В книге рассказывается история главного героя, который сталкивается с различными проблемами и препятствиями на протяжении всего своего путешествия. По пути он встречает множество второстепенных персонажей, которые играют важные роли в истории. Благодаря опыту главного героя книга исследует такие темы, как любовь, потеря, надежда и стойкость. По мере того, как главный герой преодолевает свои трудности, он усваивает ценные уроки жизни и растет как личность.


На представку

«Играли в карты у коногона Наумова. Дежурные надзиратели никогда не заглядывали в барак коногонов, справедливо полагая свою главную службу в наблюдении за осужденными по пятьдесят восьмой статье.

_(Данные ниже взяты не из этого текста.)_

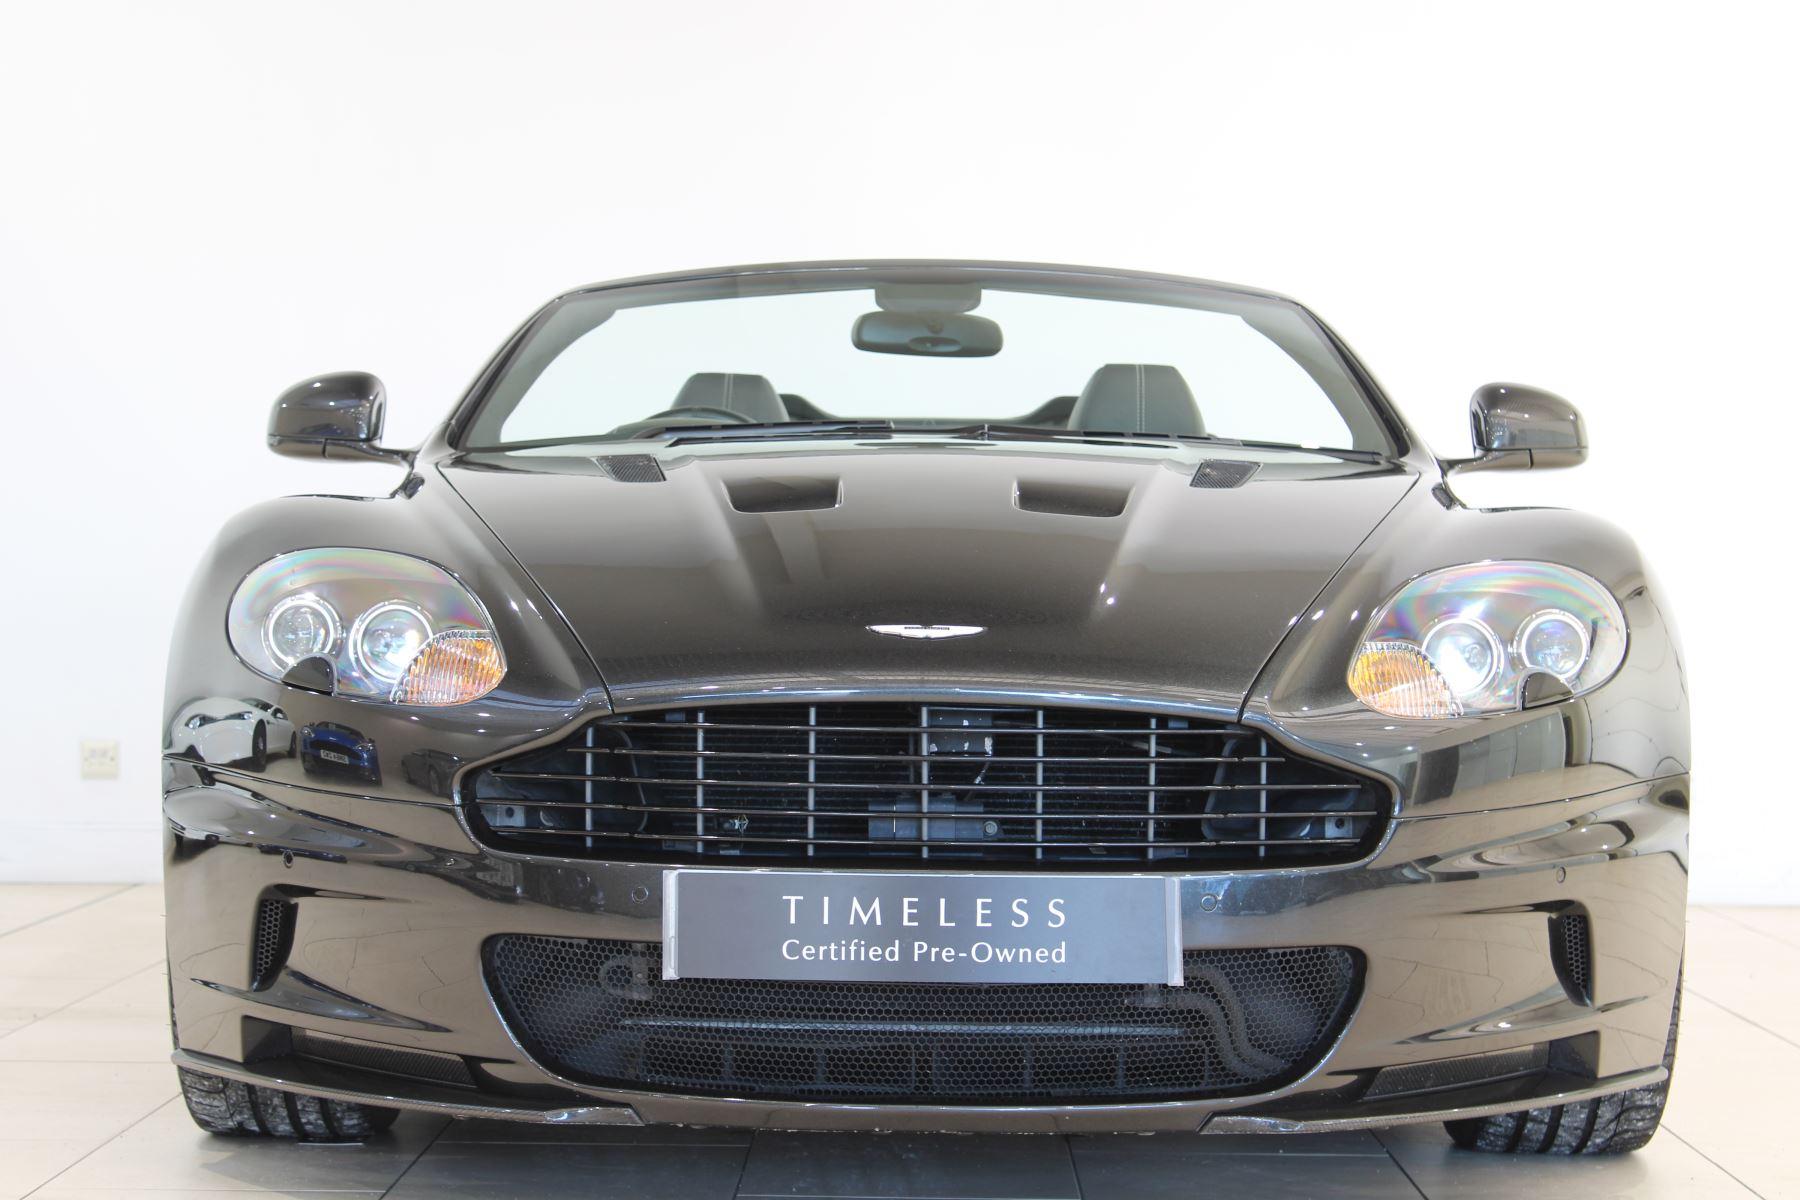 Aston Martin DBS CARBON V12 2dr Volante Touchtronic image 3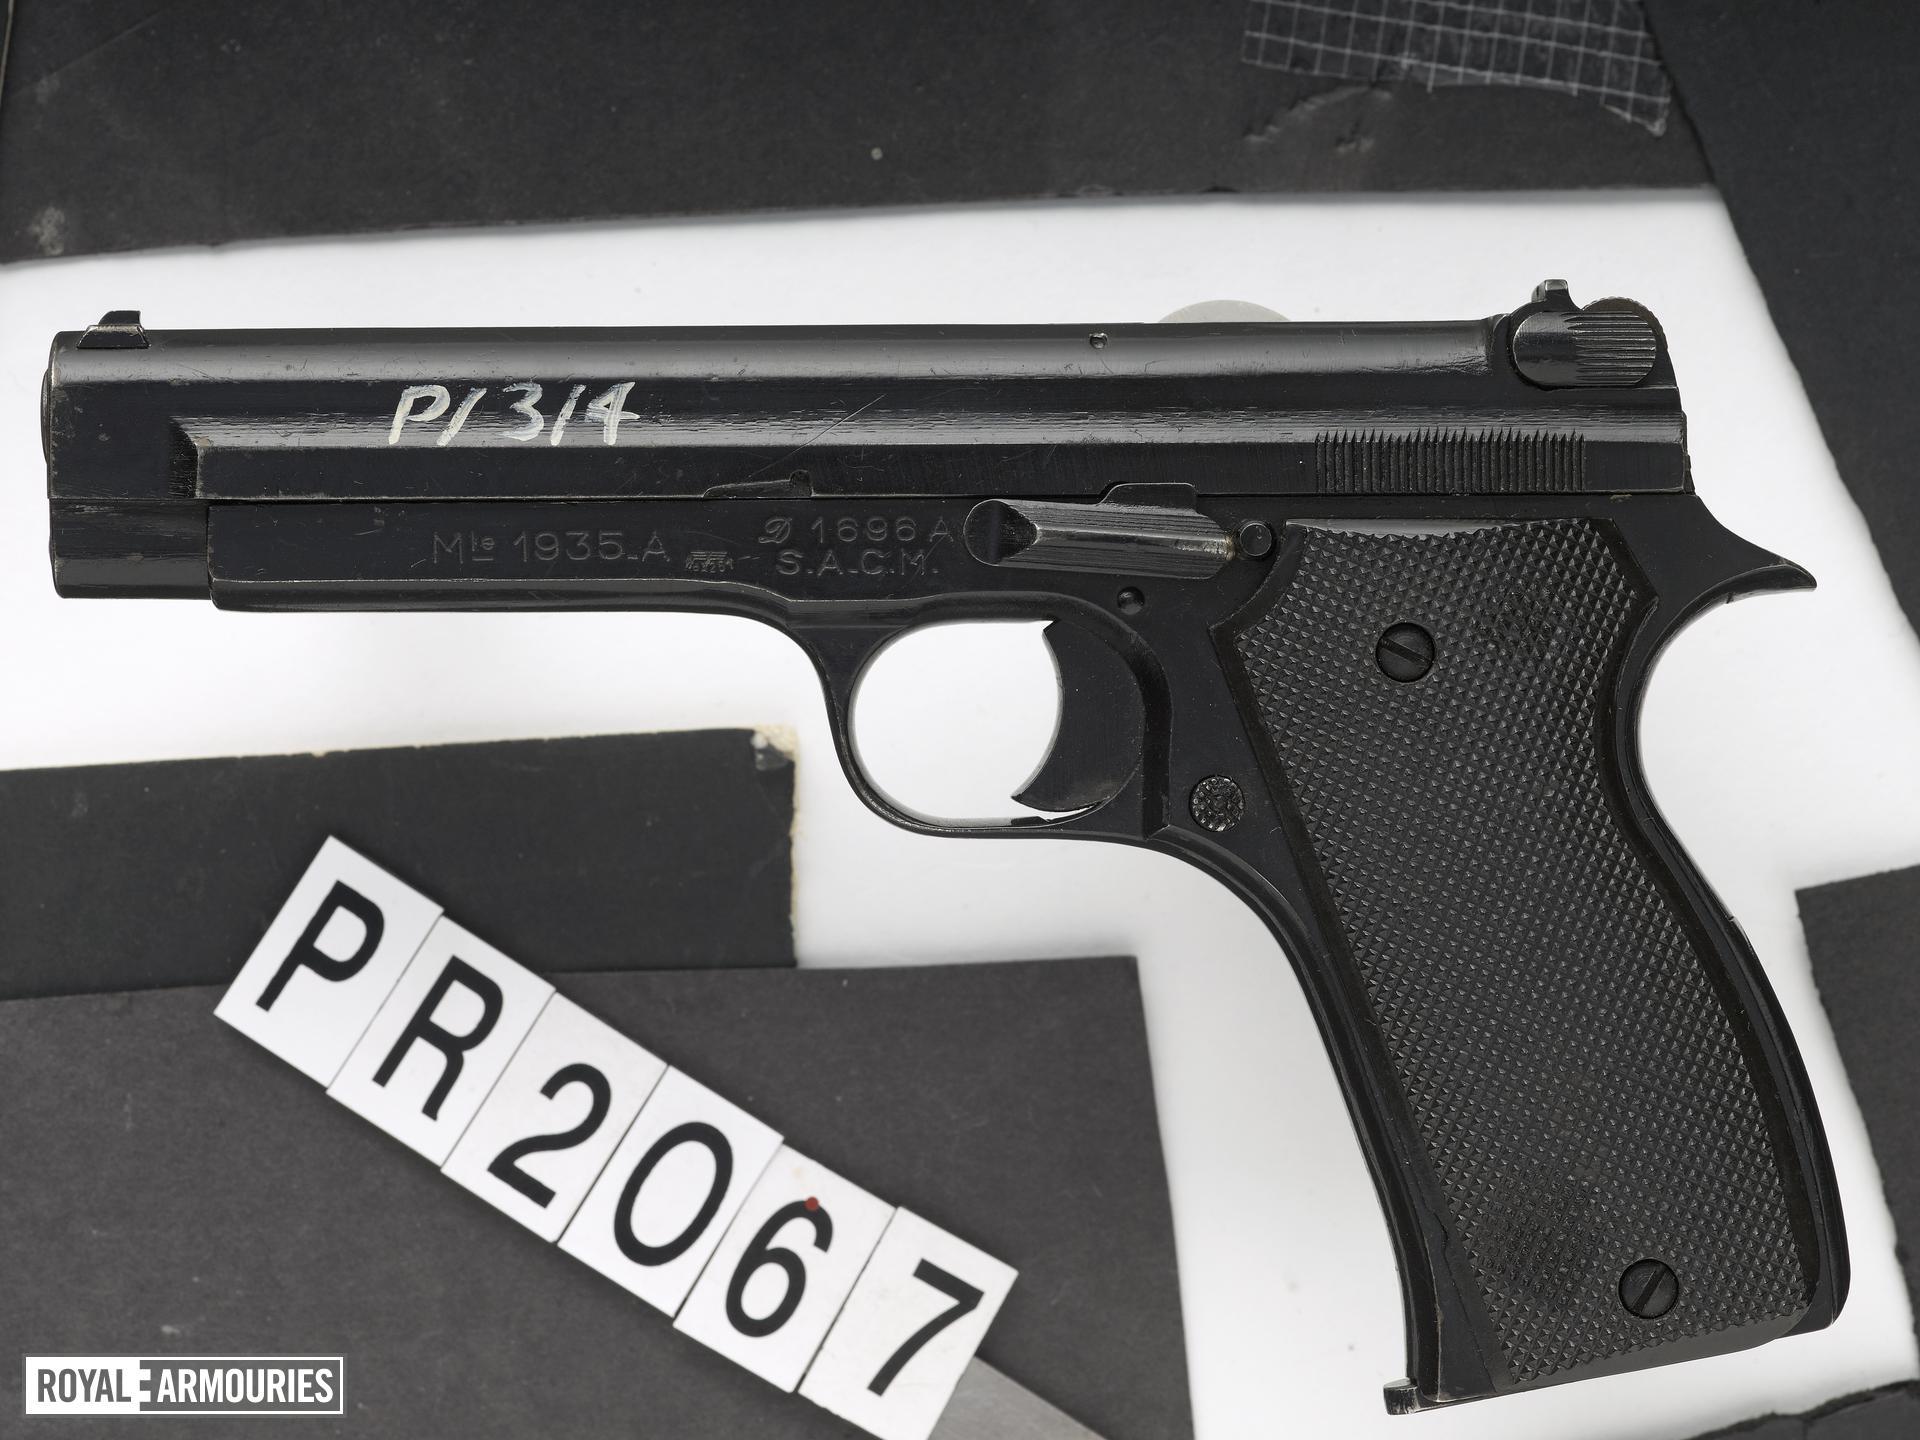 Centrefire self-loading pistol - SACM Model 1935A

Лошадей же, как правило, контрреволюционерам не доверяли…».


Дождь

«Мы бурили на новом полигоне третий день. У каждого был свой шурф, и за три дня каждый углубился на полметра, не больше. До мерзлоты еще никто не дошел, хотя и ломы и кайла заправлялись без всякой задержки – редкий случай; кузнецам было нечего оттягивать – работала только наша бригада. Все дело было в дожде…».


Шоковая терапия

«Еще в то благодатное время, когда Мерзляков работал конюхом и в самодельной крупорушке – большой консервной банке с пробитым дном на манер сита – можно было приготовить из овса, полученного для лошадей, крупу для людей, варить кашу и этим горьким горячим месивом заглушать, утишать голод, еще тогда он думал над одним простым вопросом…».


Тифозный карантин

«Человек в белом халате протянул руку, и Андреев вложил в растопыренные, розовые, вымытые пальцы с остриженными ногтями свою соленую, ломкую гимнастерку. Человек отмахнулся, затряс ладонью…».